WHAT IS BEING ASKED >>
Reproduce exactly the lines below from the one containing "UNITED STATES DISTRICT" through the one containing "Congratulations on being", including both, and nothing else.

MATERIAL SUPPLIED >>

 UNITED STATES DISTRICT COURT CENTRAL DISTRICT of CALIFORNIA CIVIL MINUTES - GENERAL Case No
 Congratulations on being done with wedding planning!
---
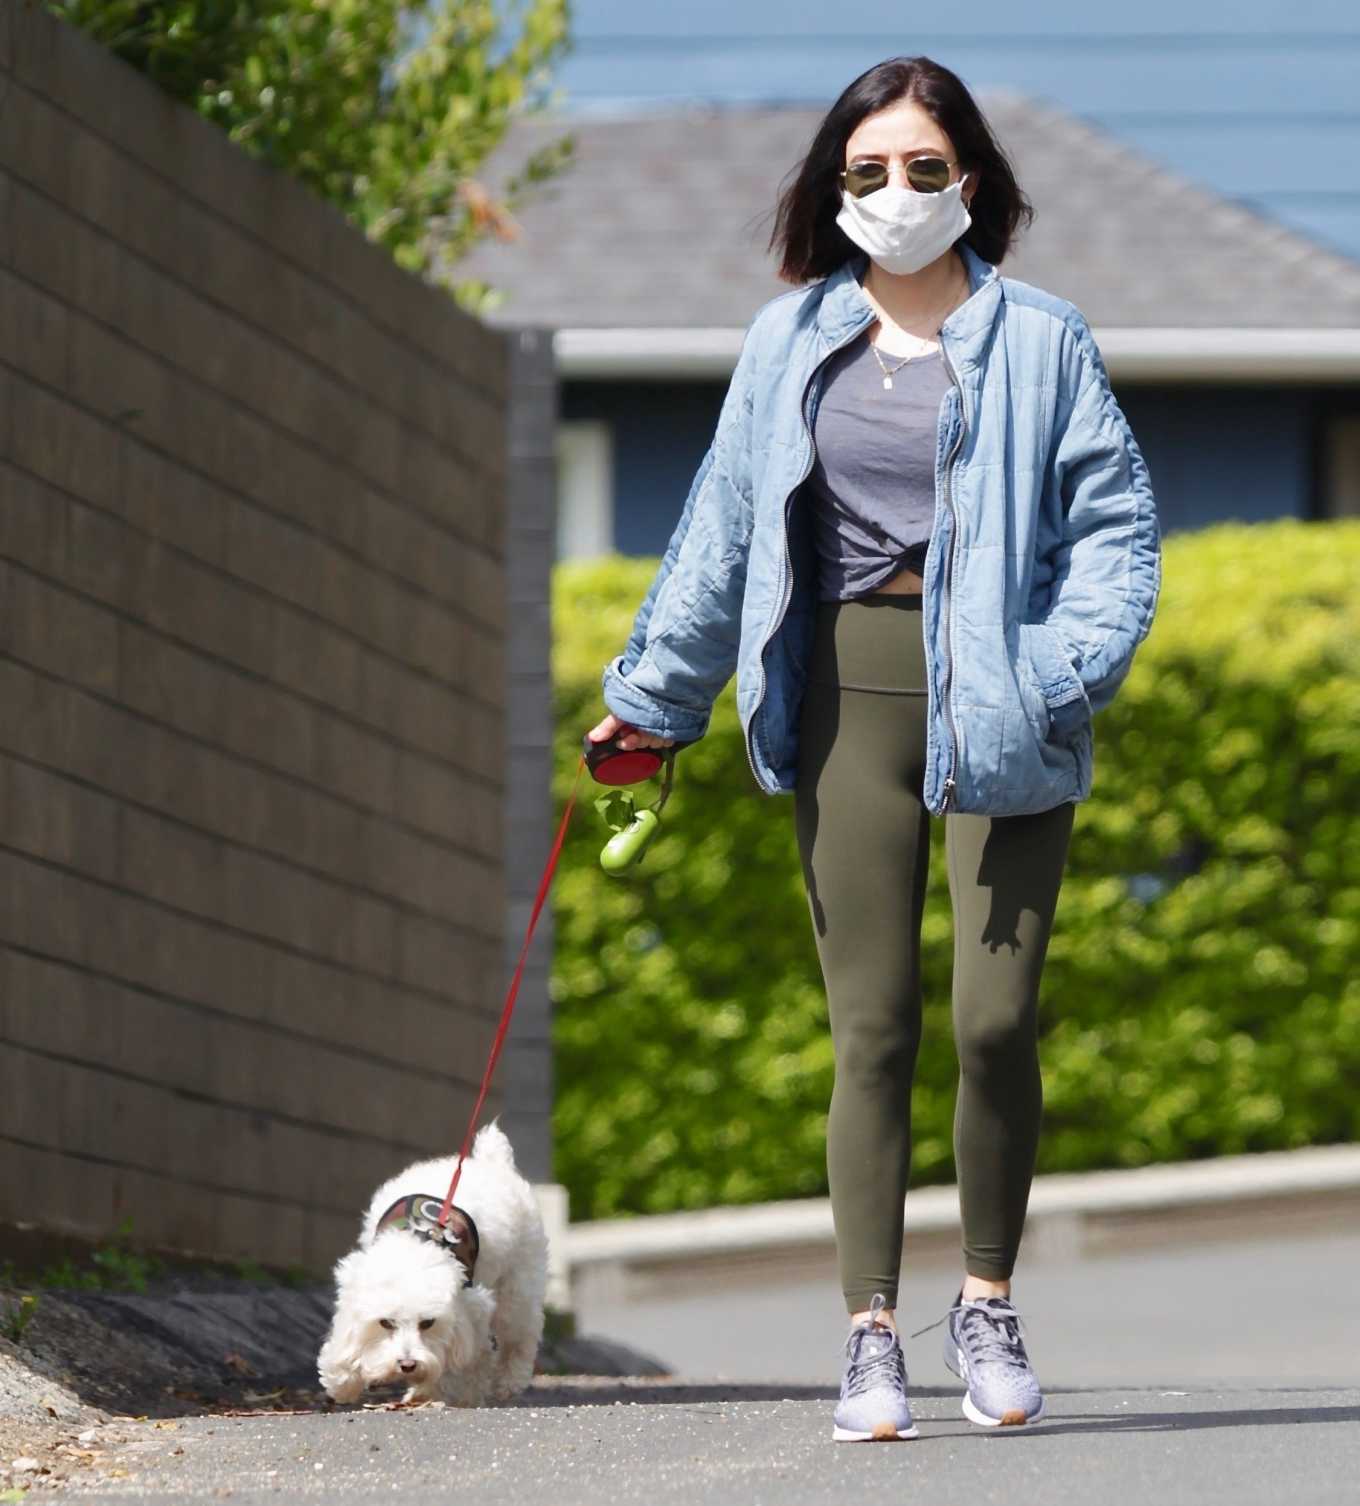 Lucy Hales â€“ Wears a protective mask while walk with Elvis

YOUR SOLUTION >>
 UNITED STATES DISTRICT COURT CENTRAL DISTRICT of CALIFORNIA CIVIL MINUTES - GENERAL Case No
 Congratulations on being done with wedding planning!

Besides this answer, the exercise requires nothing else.